What the task asks
Repeat only the lines between the one with "salon salon jardin" and the end of the material below, both ends included. Omit any picture.

Given data
--*--
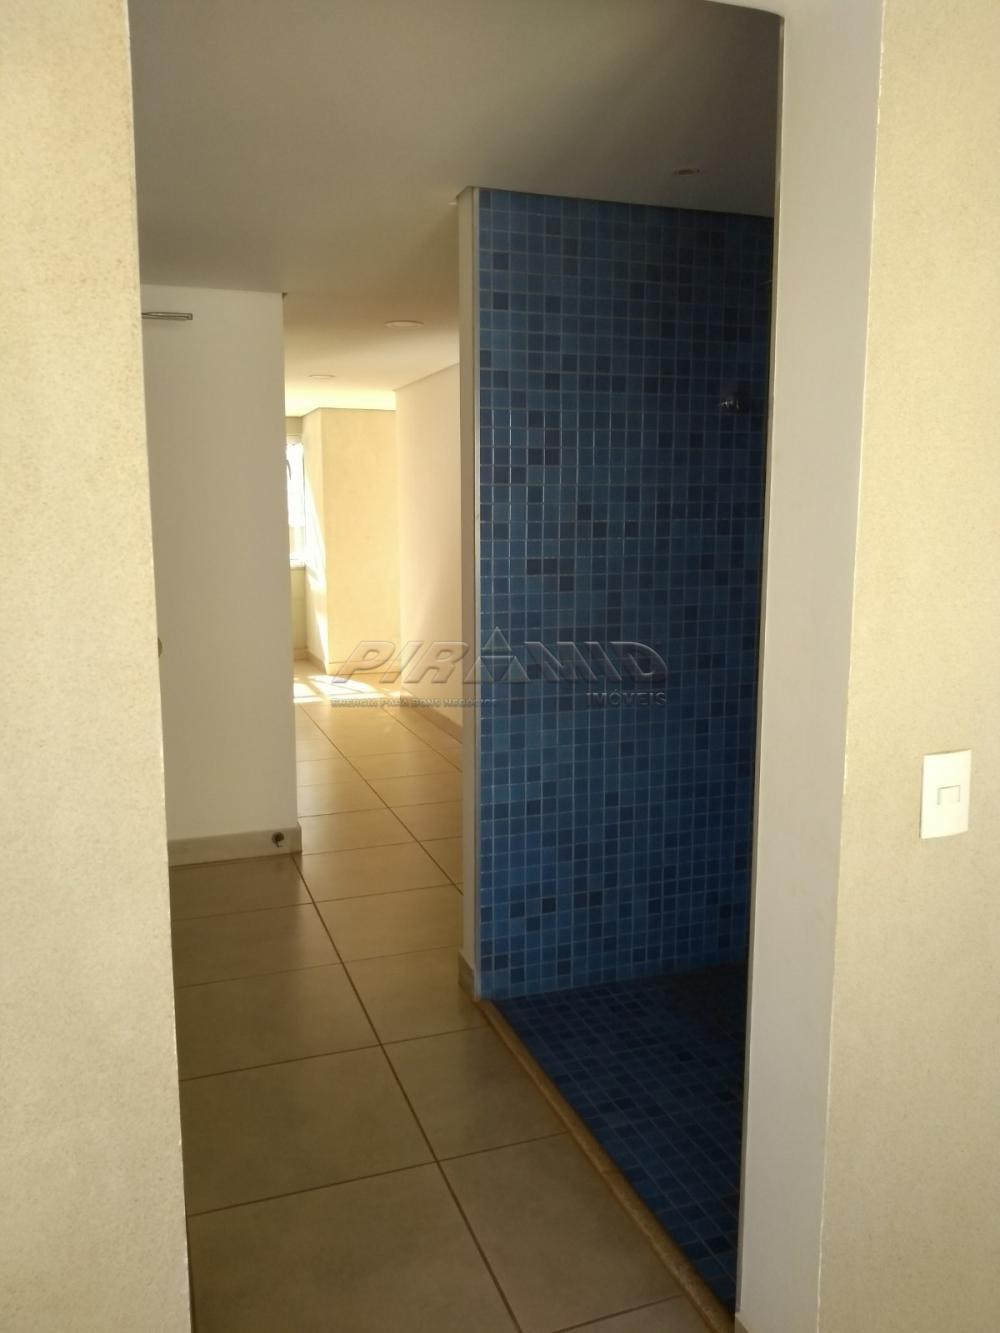 Alugar Apartamento / Padrão em Ribeirão Preto R$ 1.700,00 - Foto 35
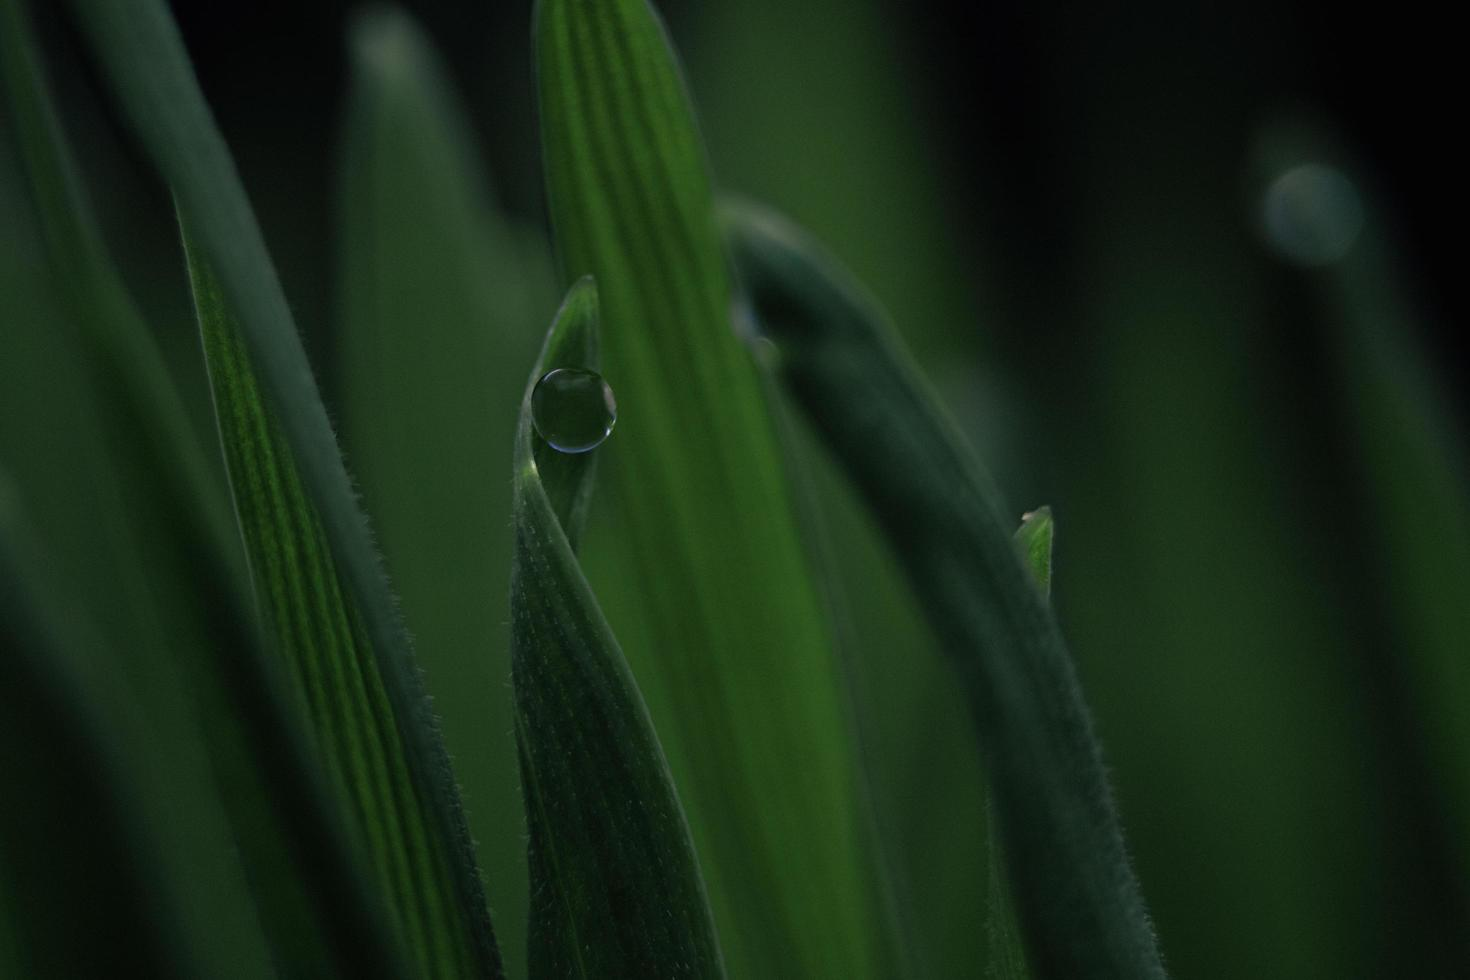 Wassertau auf einem grünen Blatt. foto
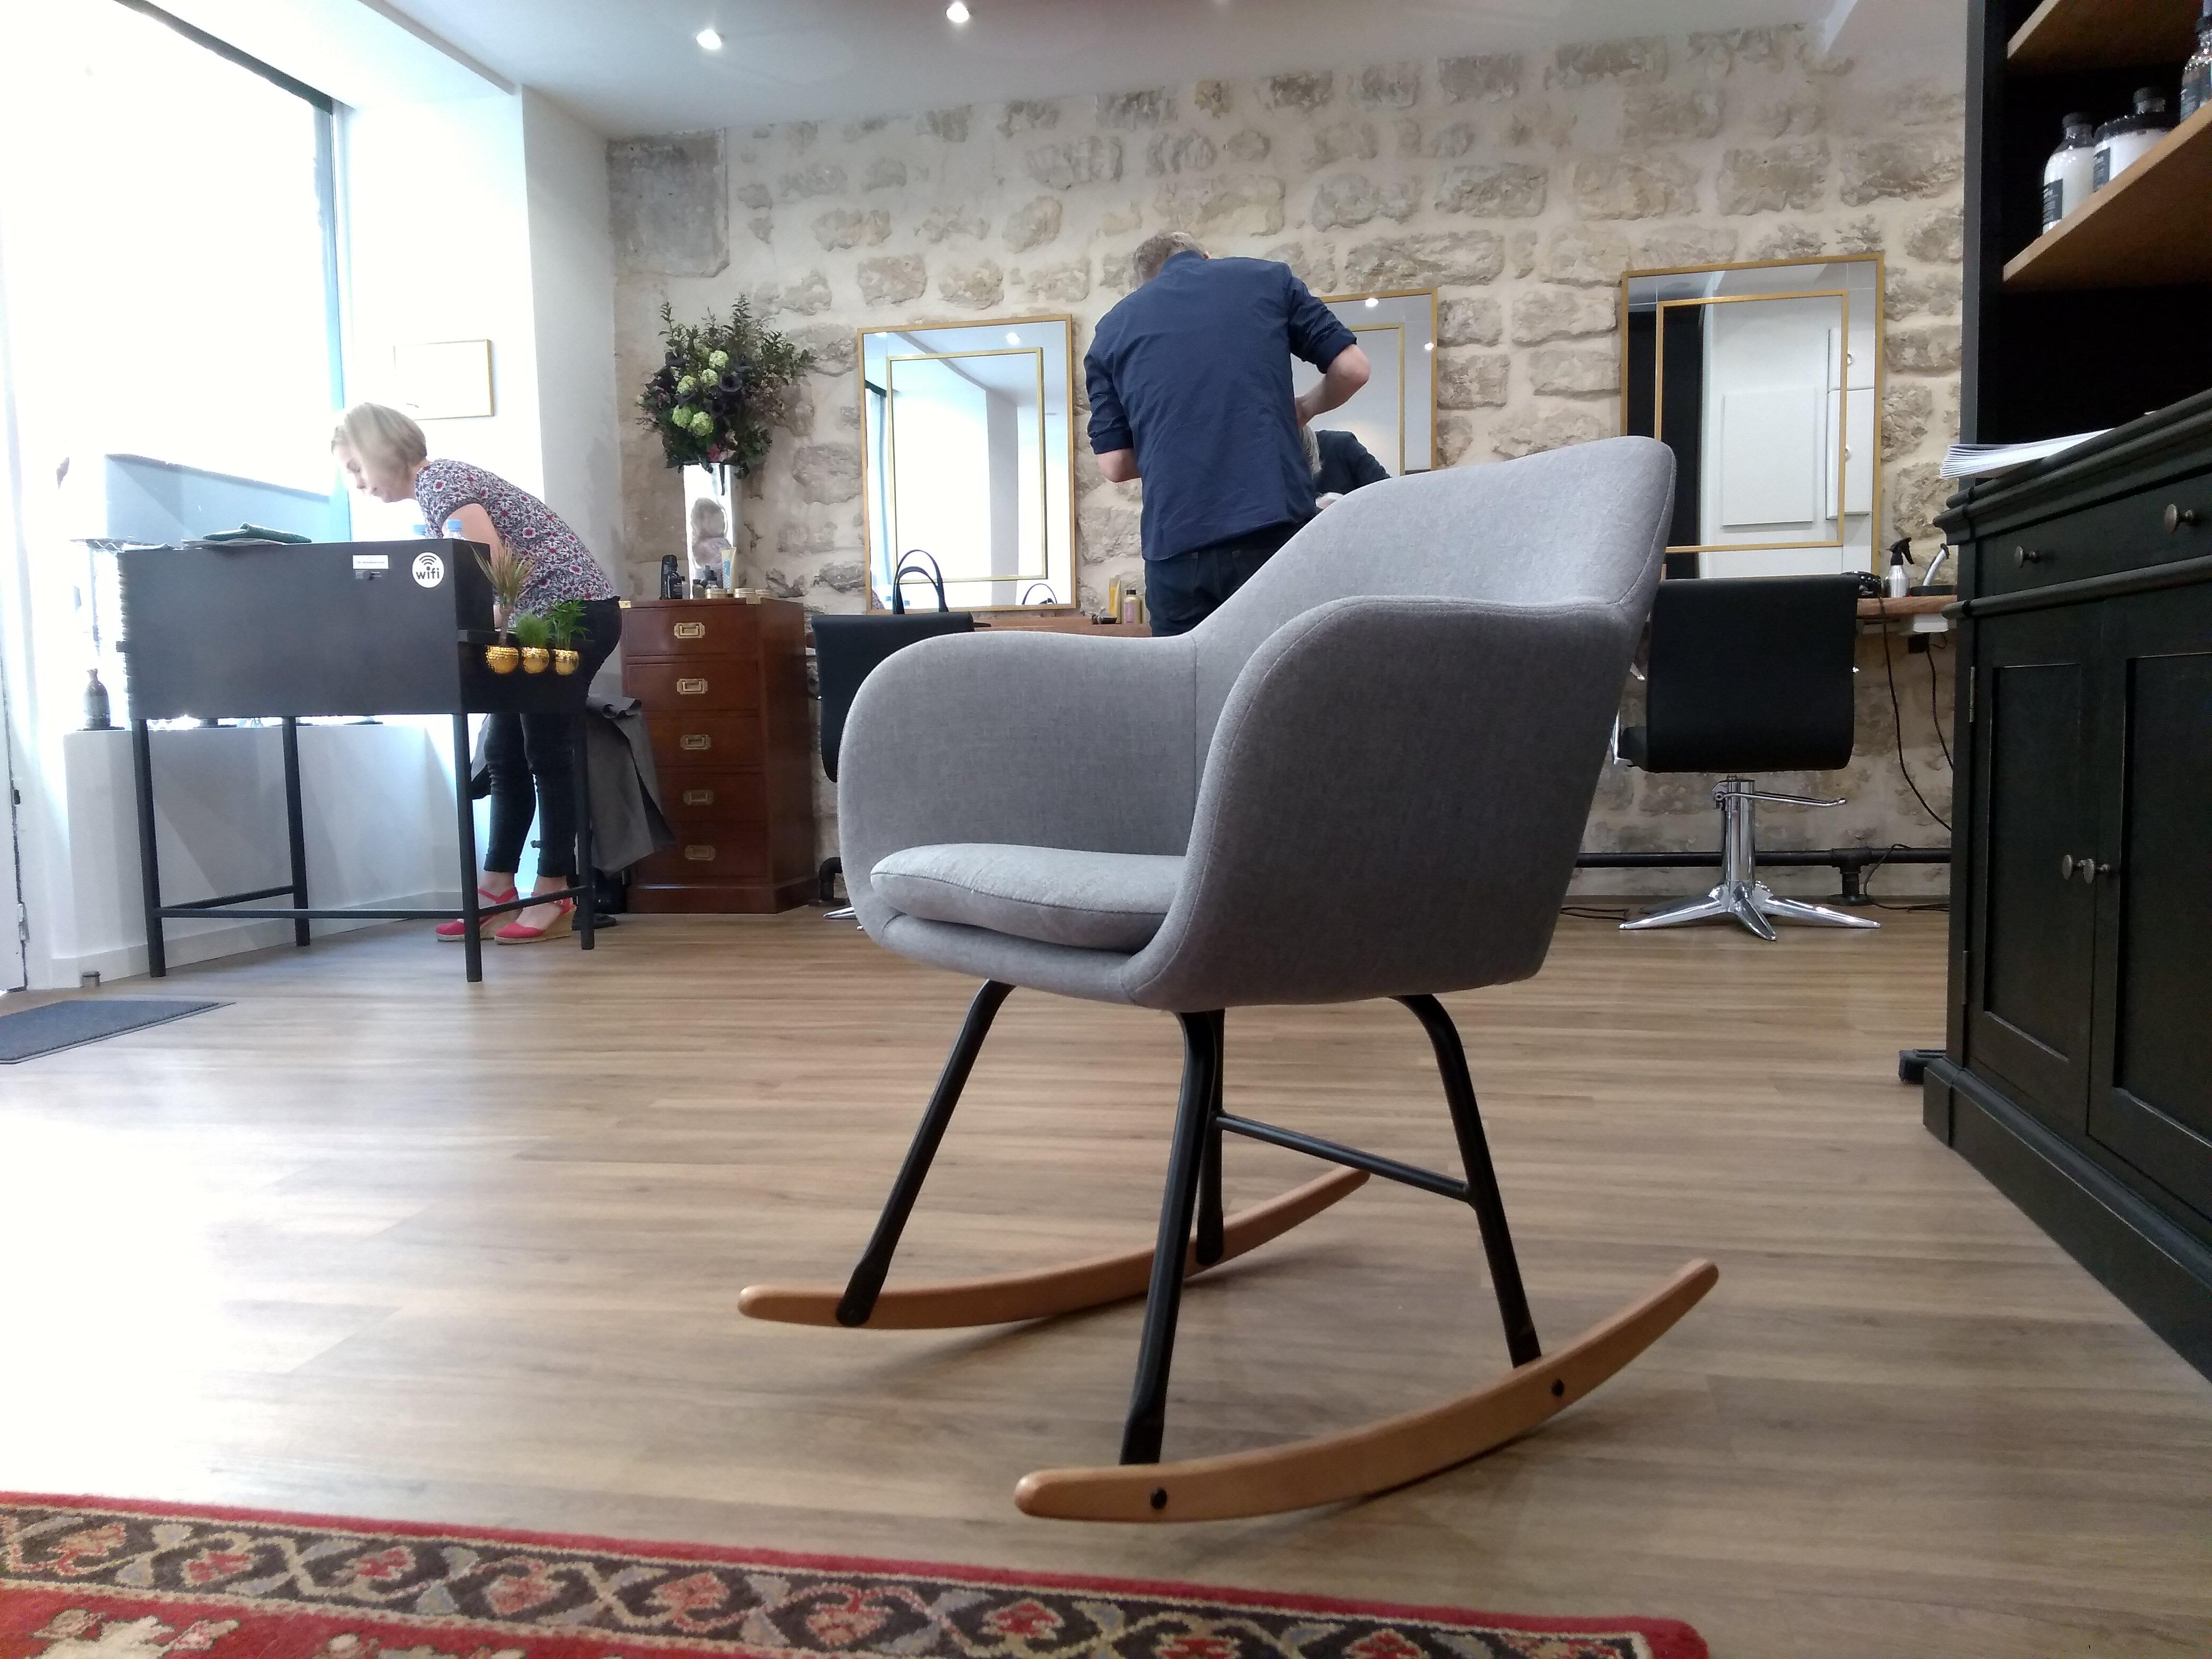 salon salon jardin mundo de oz meilleures id es pour la conception et l 39 ameublement du jardin. Black Bedroom Furniture Sets. Home Design Ideas
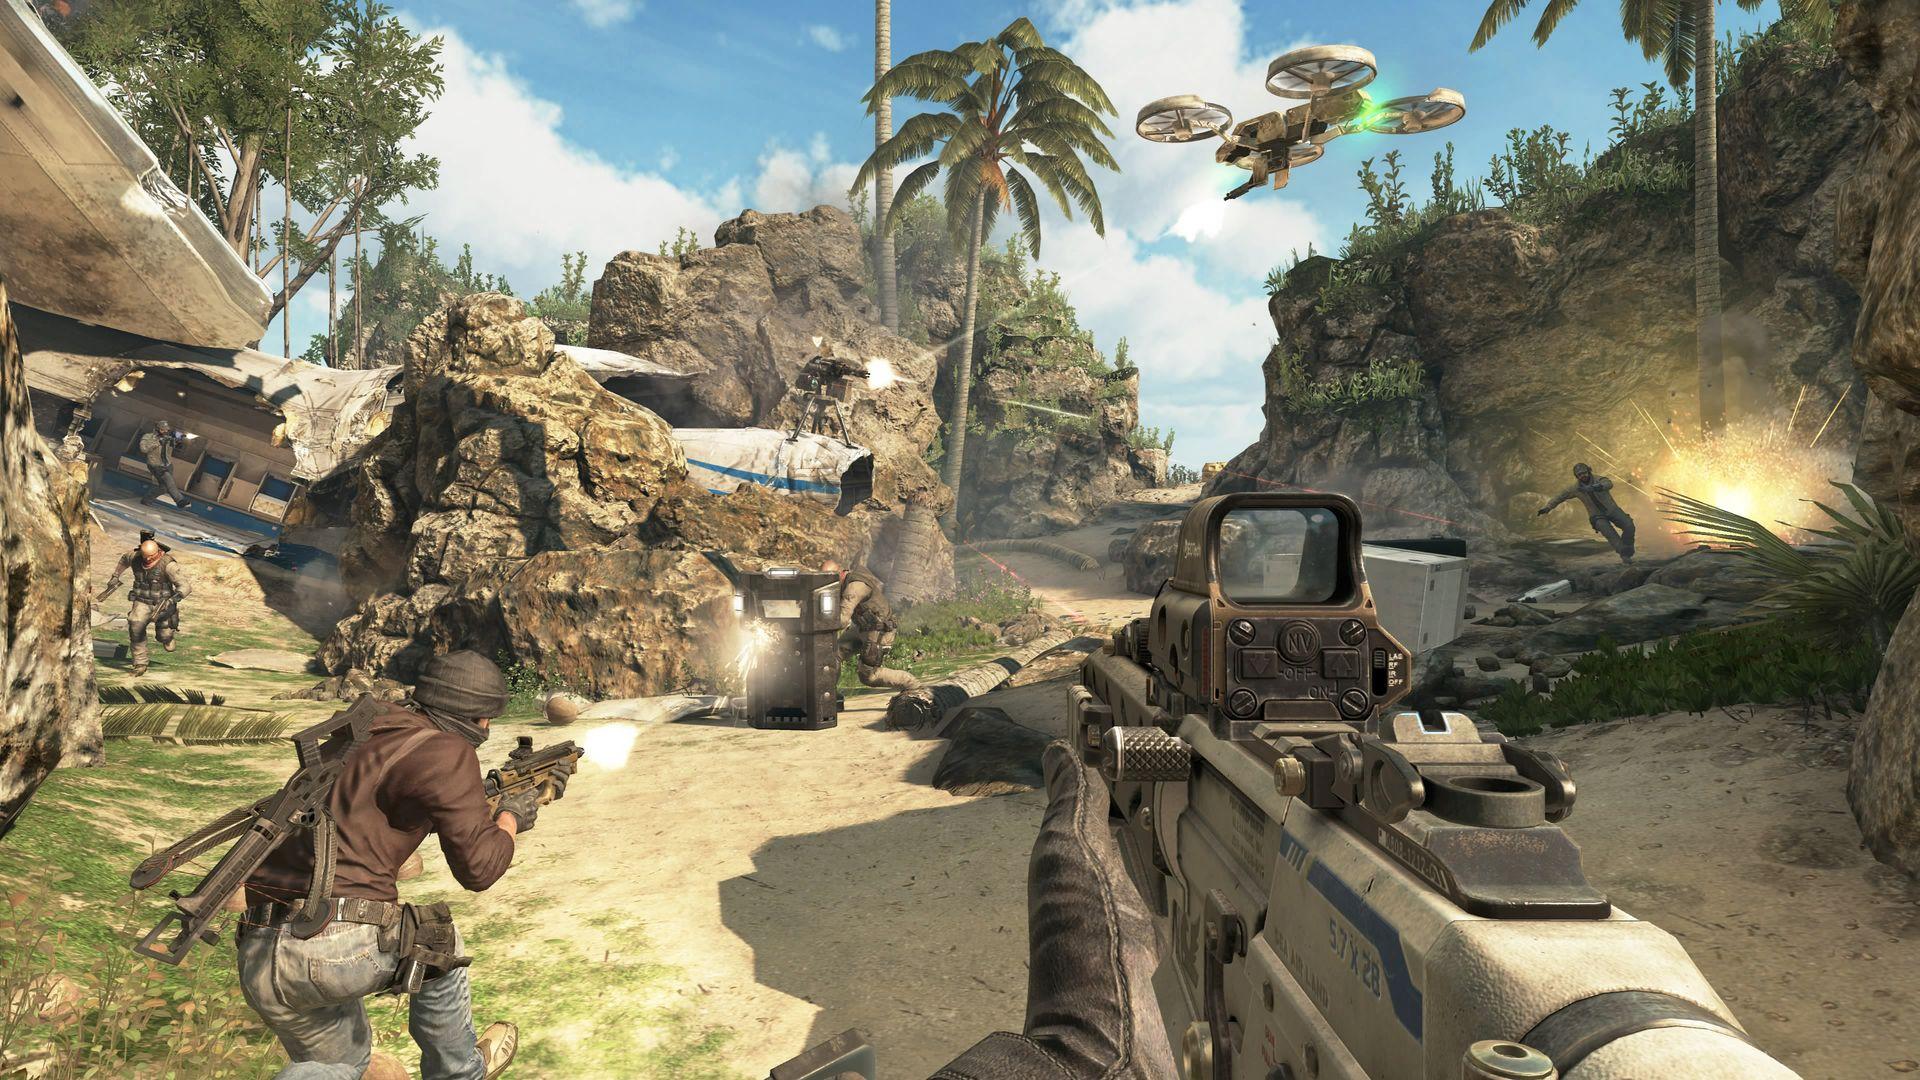 Buy Cheap Call of Duty: Black Ops II CD Keys Online ...
--*--
Written answer
 salon salon jardin mundo de oz meilleures id es pour la conception et l 39 ameublement du jardin. Black Bedroom Furniture Sets. Home Design Ideas
 Buy Cheap Call of Duty: Black Ops II CD Keys Online ...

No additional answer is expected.